In Areca Book’s newest title, Penang, The Fourth Presidency of India 1805-1830, author Marcus Langdon proves that little islands can be just as worthy of historical interpretation as major empires. Written in an easily accessible style, the book tells the story of how the tiny settlement of Pulau Pinang came to be an administrative seat of one of the most powerful trading companies in the world. In this initial volume of a three-part series, Langdon frames this interesting portion of Penang’s past through the tales of its nineteenth century ships, administrators and mansions, making them come alive for both researchers and laypersons alike. As Britain’s East India Company grew in size in the seventeenth and eighteenth centuries, it soon began designating selected ports along the trade routes as self-governing administrative centres, or “Presidencies”. Settled by the company in 1640, Madras later became the first of these presidencies, followed by Bombay and Calcutta. But the company, which traded frequently between Britain and China, soon found itself in need of a transit port en route east of India. Penang, with its strategic position and lush hinterland, proved to be the place. As a result, the island was settled in 1786, and for strategic reasons elevated to the Fourth Presidency in 1805.
The histories of both island and Empire are intricately intertwined with the events that led to Penang’s rise as the Fourth Presidency. The designation of Presidency resulted in new levels of authority, funds and forces, increasing the pace of migration, modernization, building and infrastructure, and dictating the transformation of the region. Although the status was revoked twenty-five years after it was granted, this important era of Penang’s past left an indelible mark on the region, and a legacy that can still be felt and seen today.
With Langdon’s work, the story of early nineteenth century trade and imperialism in Asia comes into sharp focus. Langdon, having worked on the topic for over a decade, proves to be a gifted researcher in his handling of primary sources and rare archival records. This first volume, Ships, Men and Mansions, provides insights into an era of Malaysian history that has received scant attention to date. Inclusive of first-hand correspondence between the pioneers who lived and shaped the history of the island, as well as rare photographs and illustrations of the era, no matter of concord or conflict is left undocumented.
Please click here for more information on our newest title, or to purchase.
Penang: The Fourth Presidency of India contains over 150 images, illustrations and maps, several of which have not been previously published. 519 pages in length, the book is a definitive guide to this era of Penang’s history.

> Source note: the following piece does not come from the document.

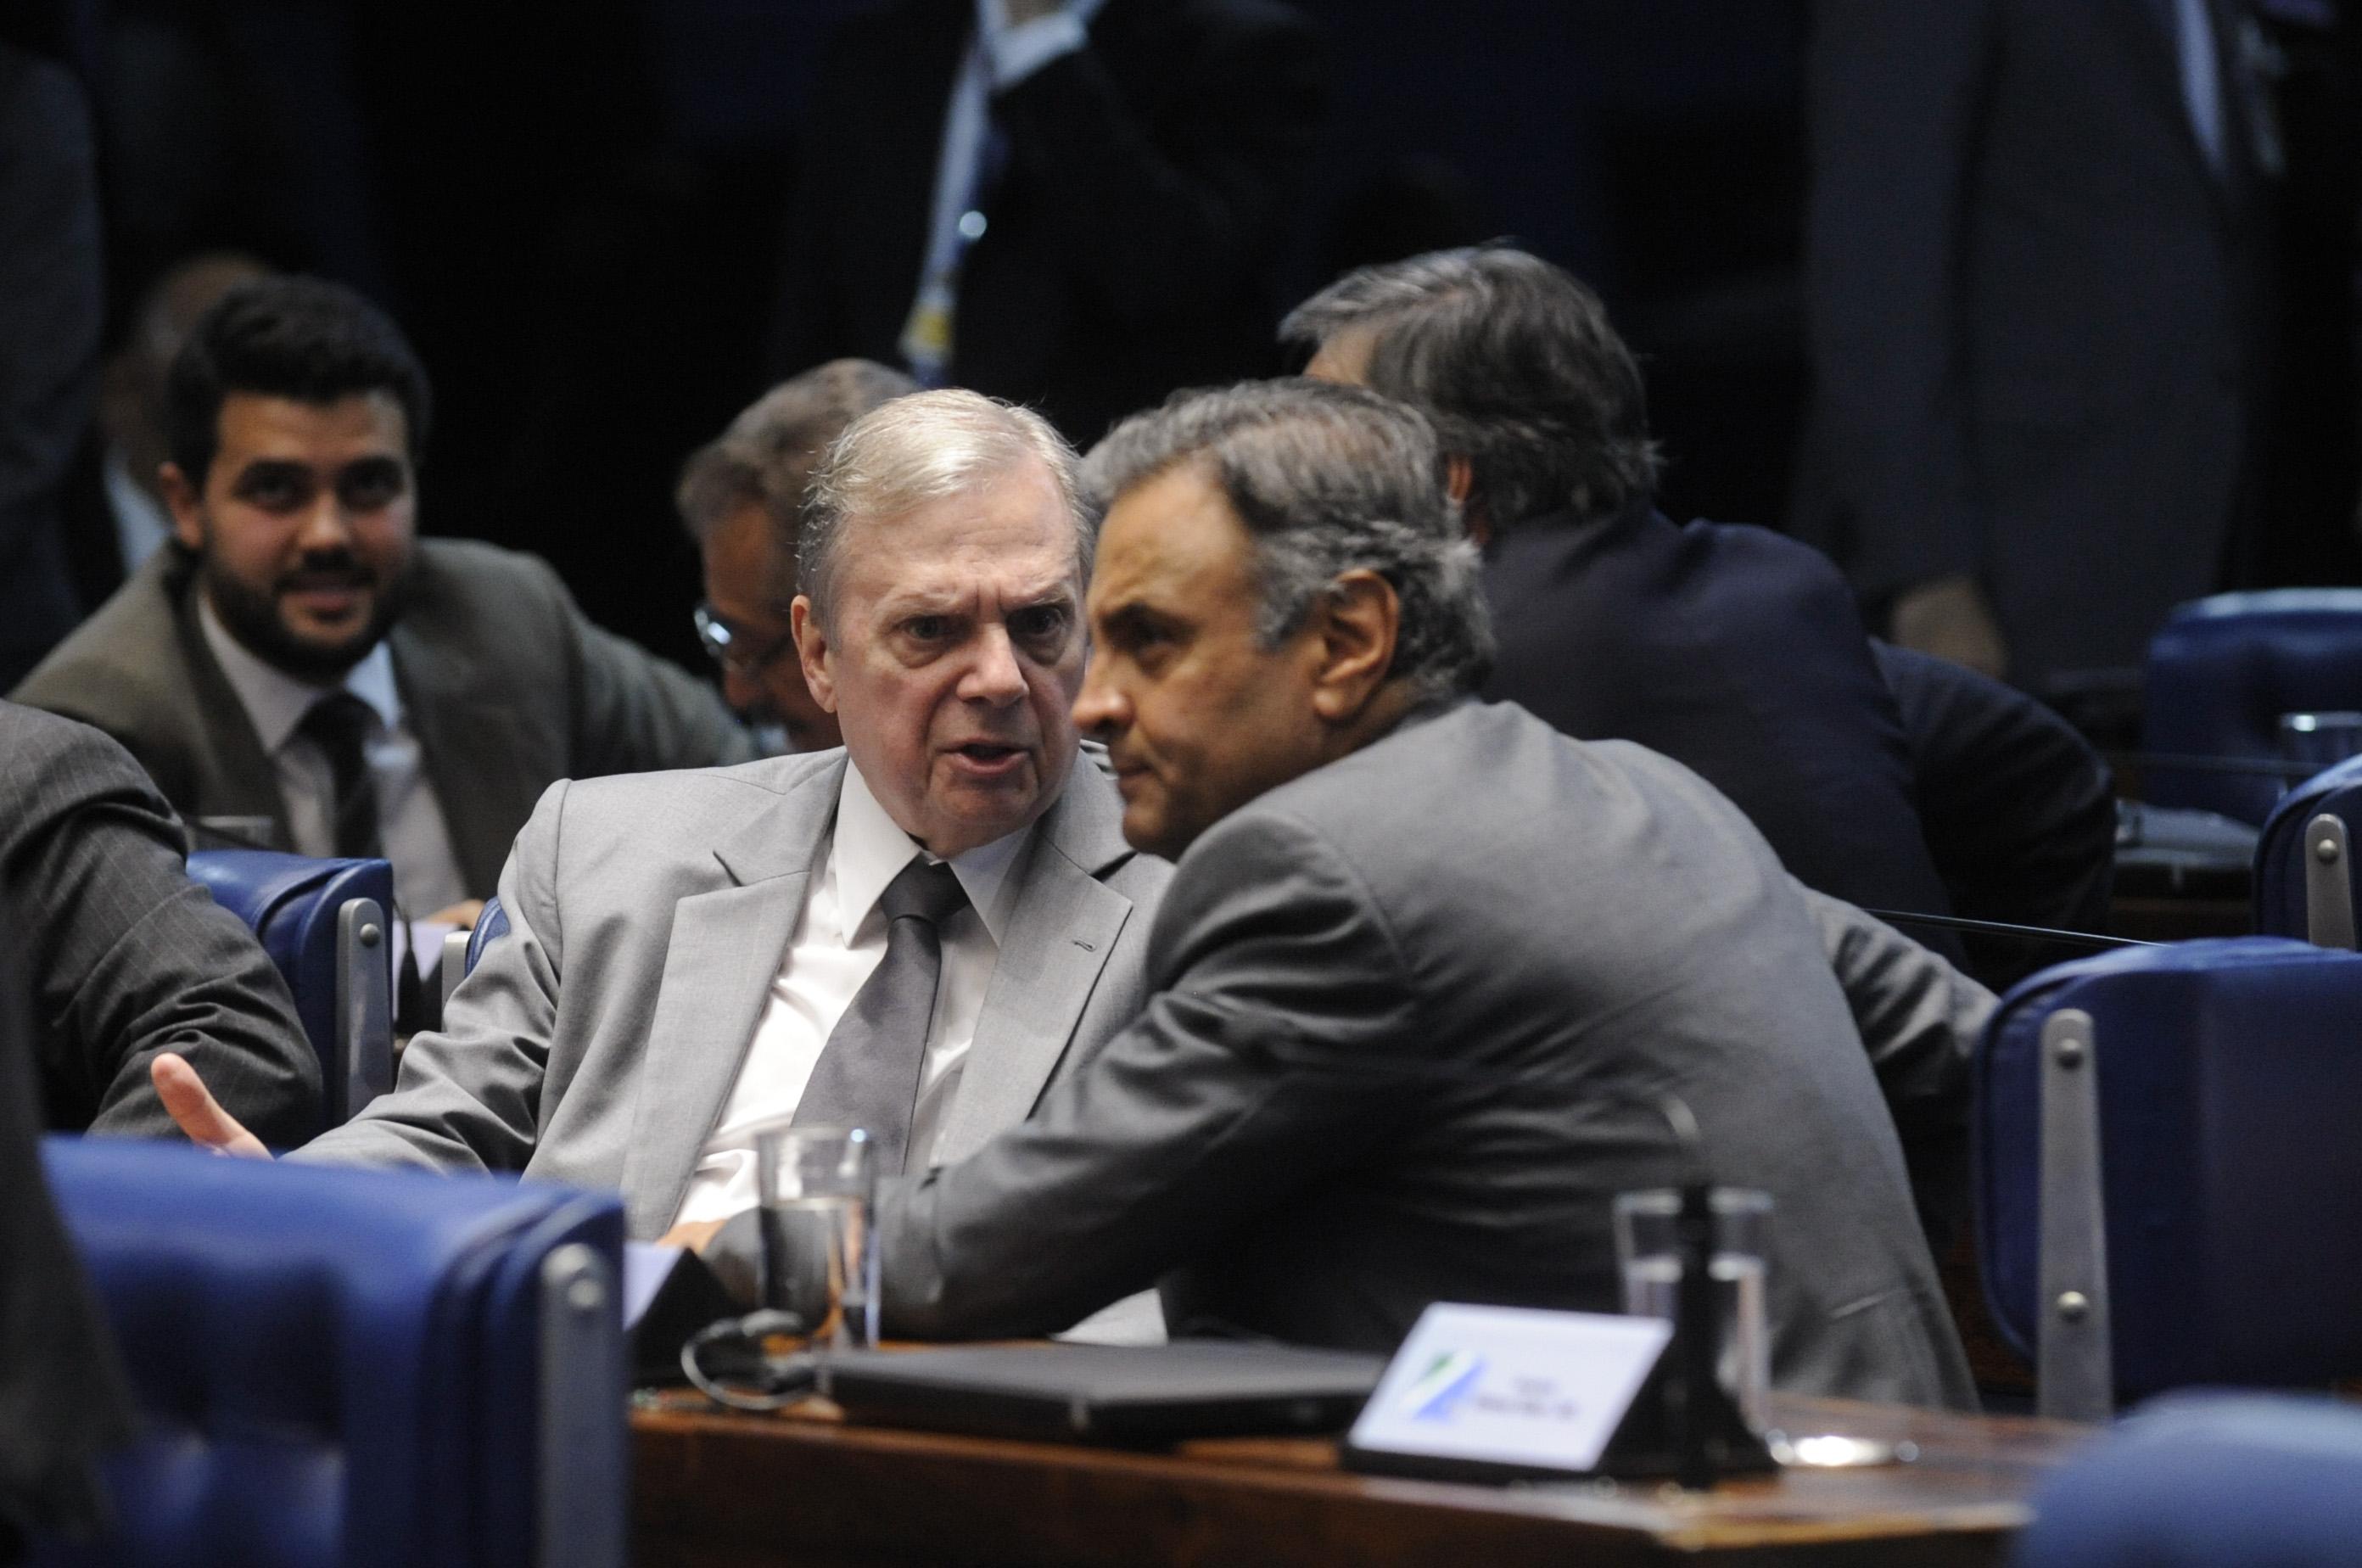 Em debate de 2014, Globo só interrompeu pastor a serviço da Odebrecht depois de frase de efeito contra Dilma

“It did not take me long to realize that the often conflicting details I had read in the few published works [of research] did not always correspond with what I was finding in these archives… and this mysterious word ‘presidency’ kept appearing…” excerpt from the author’s preface
“Marcus Langdon has become today the preeminent global expert on the British archival materials relating to Penang … The quality of this first volume assures us that … [it] will constitute the most detailed history of early Penang ever to be published and will long remain a landmark in Penang historiography” Excerpt from the foreword, by Geoff Wade, Institute of Southeast Asian Studies, Singapore
“This monograph is extremely valuable. Marcus Langdon’s scrupulous use of relatively inaccessible, handwritten primary documents, undertaken with the passion of a committed researcher, is not likely to be replicated.” Loh Wei Leng, formerly University of Malaya
Born in England but transplanted to Australia early in life, Marcus Langdon is acknowledged as the leading authority on Penang’s early history under the East India Company. He has published in scholarly journals and his research findings have been widely cited by heritage advocates, architects, conservationists and local historians. He currently lives in Penang.